WHAT IS REQUIRED>
The reply should contain the full listing exactly as written and no pictures at all.

DATASET SECTION>
-- Opening Marker --

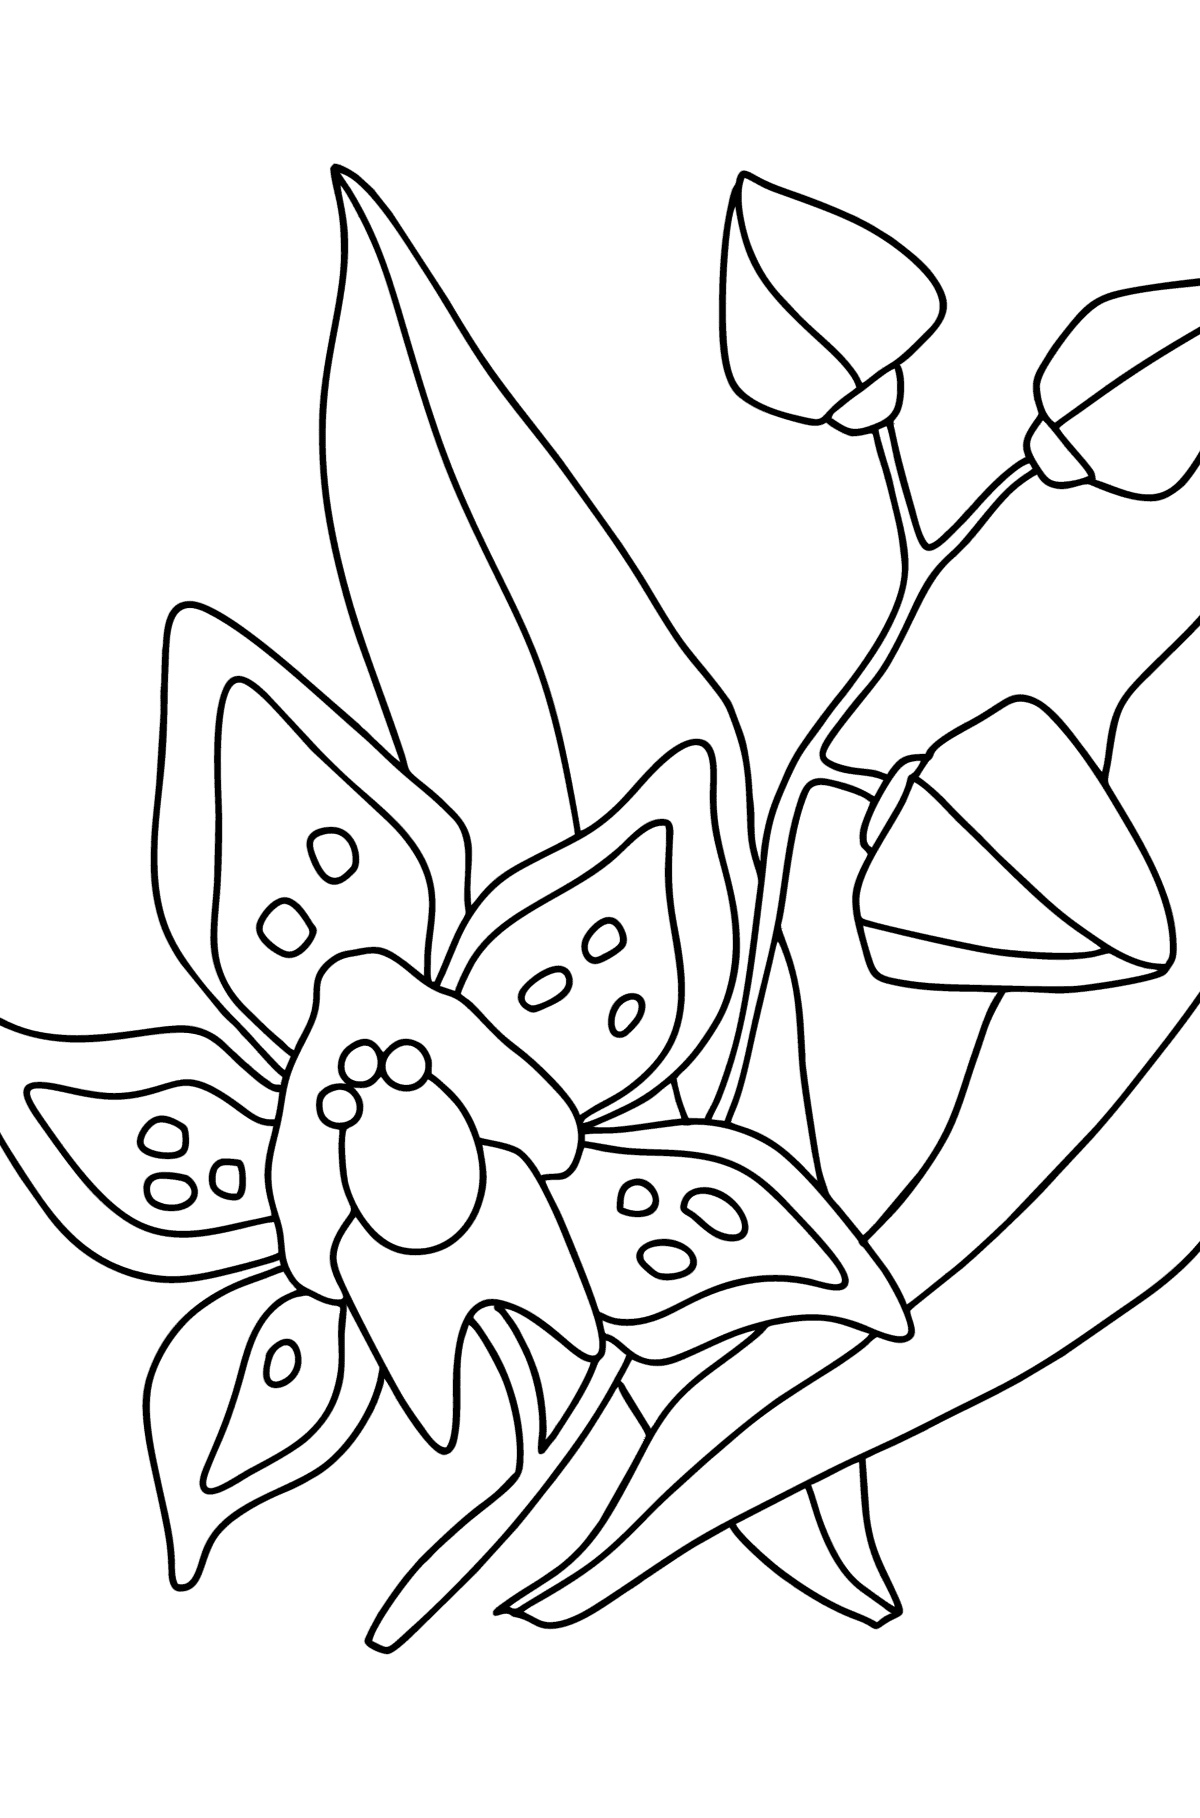 Orchid coloring page - Coloring Pages for Kids
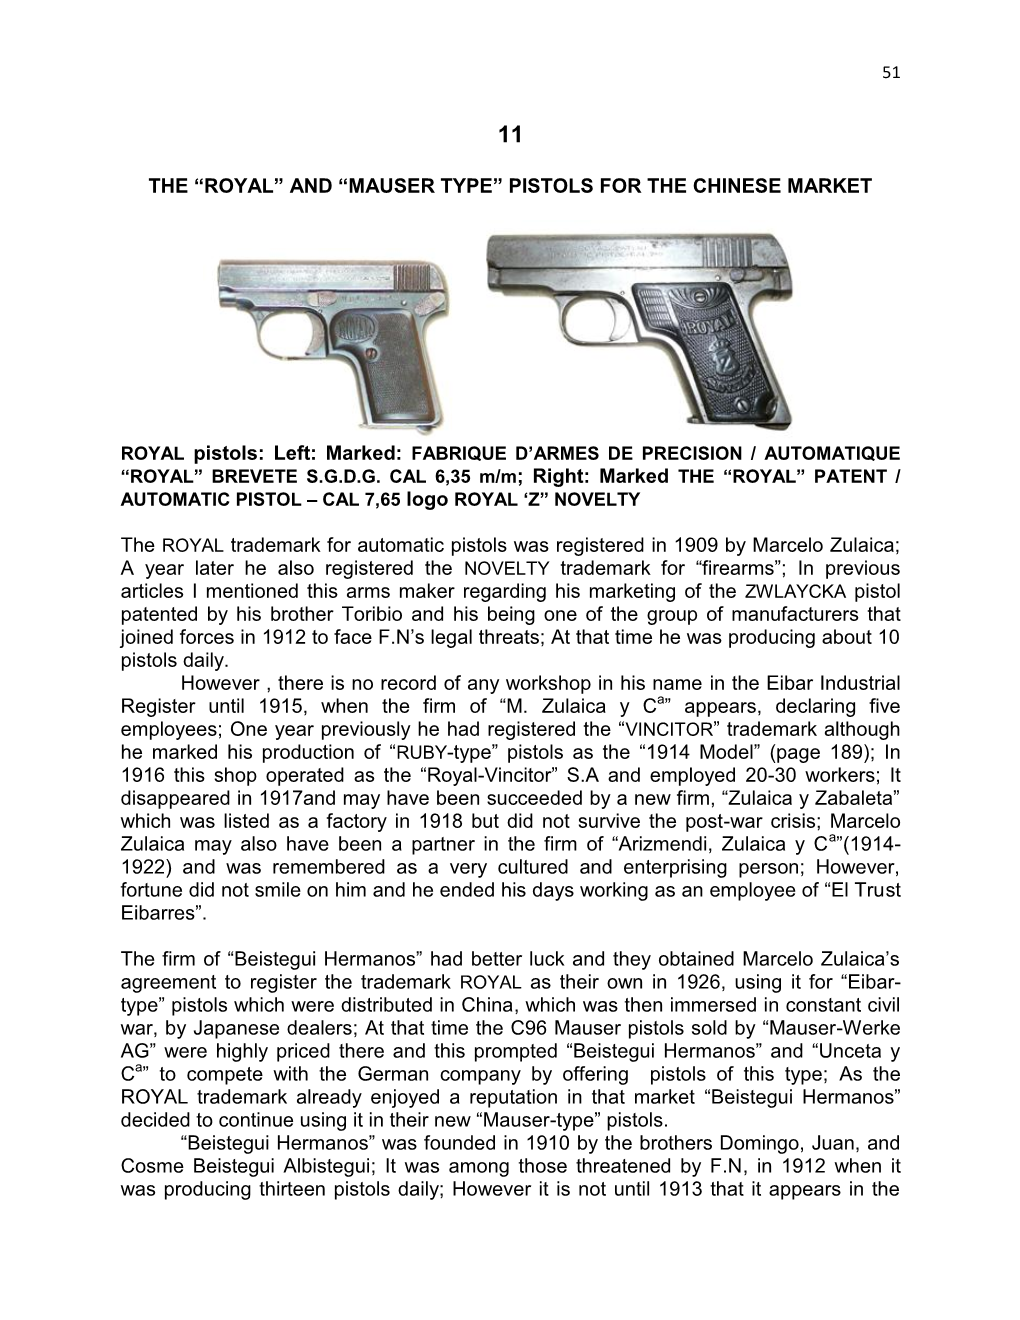 The “Royal” and “Mauser Type” Pistols for the Chinese Market
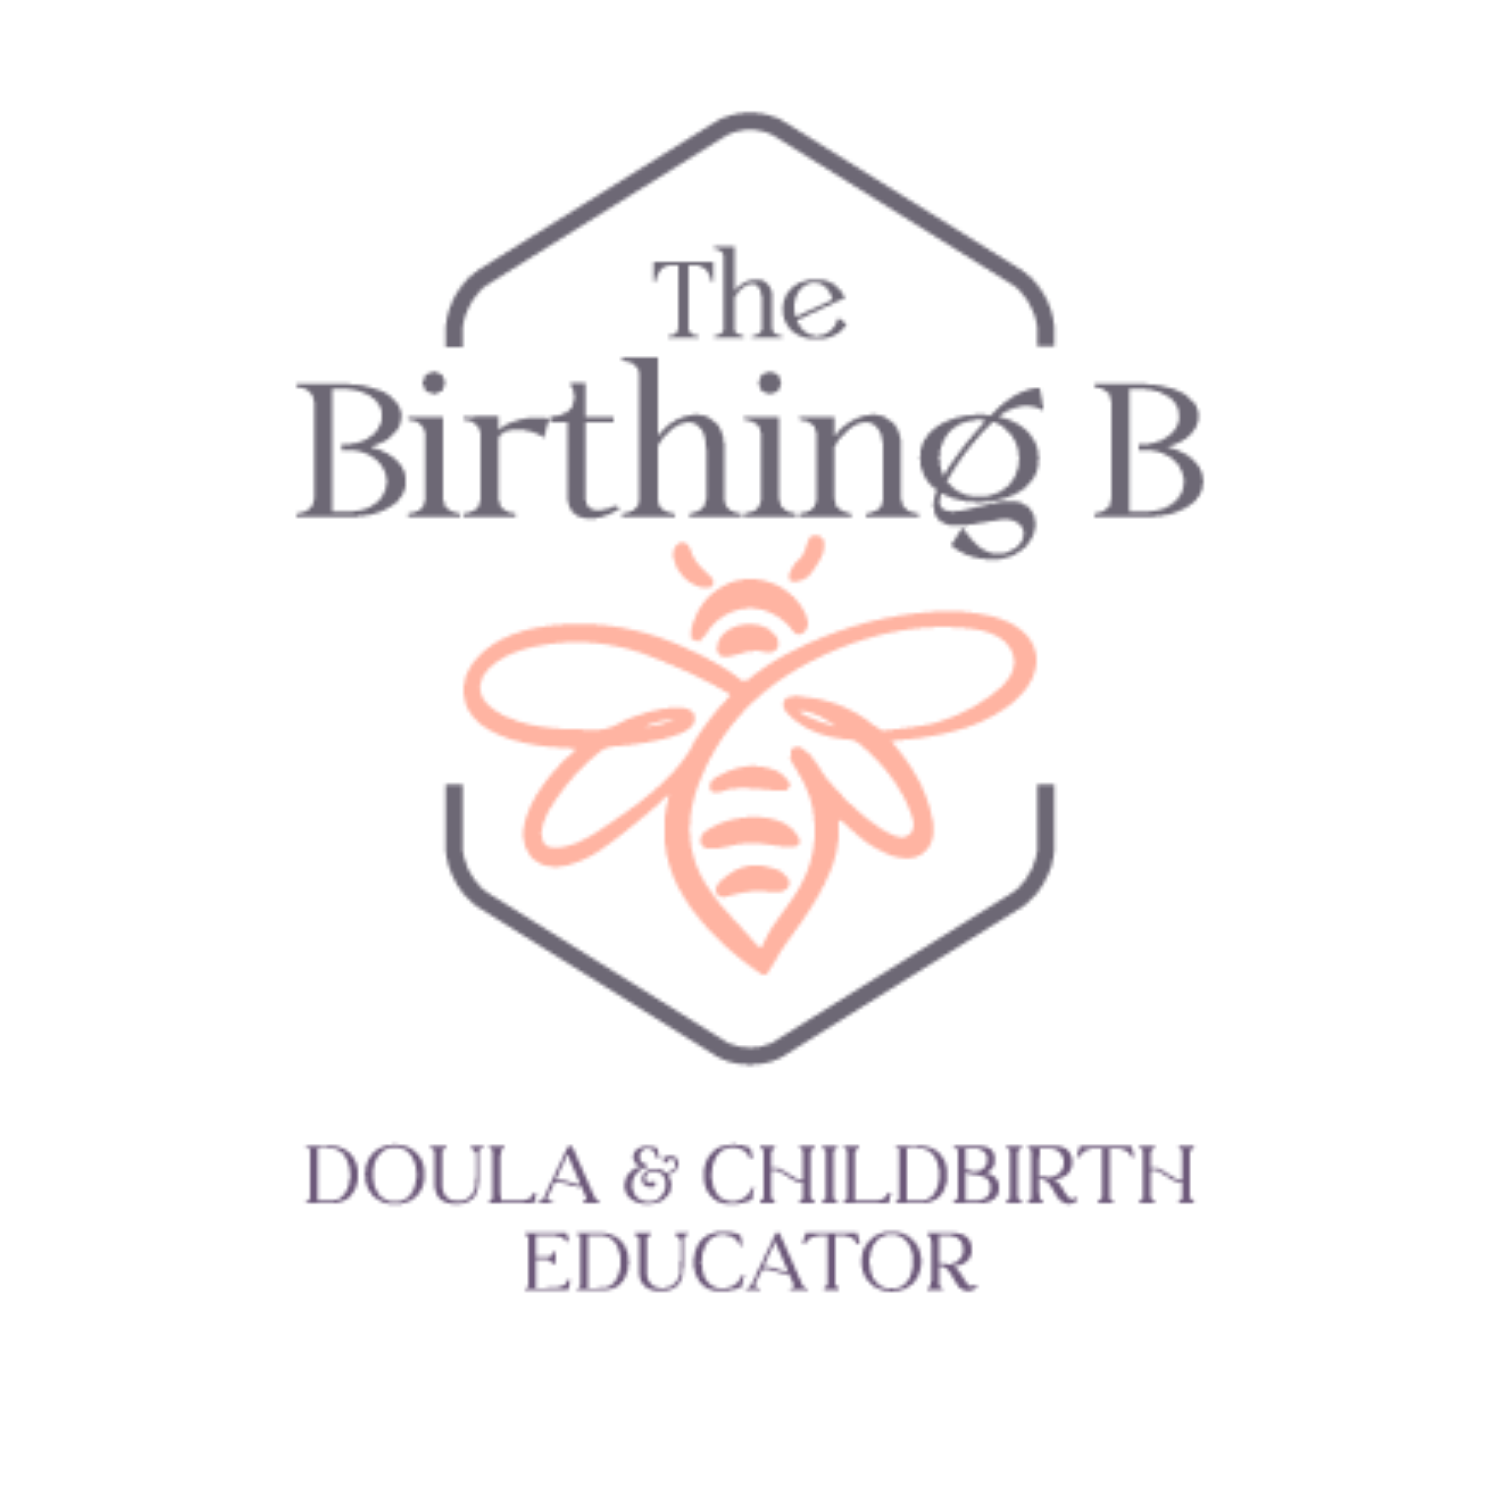 Bengkung Bellybinding, DFW Births, Dallas Doula, Fort Worth Doula

-- Closing Marker --

EXERCISE OUTPUT>
 Orchid coloring page - Coloring Pages for Kids
 The “Royal” and “Mauser Type” Pistols for the Chinese Market
 Bengkung Bellybinding, DFW Births, Dallas Doula, Fort Worth Doula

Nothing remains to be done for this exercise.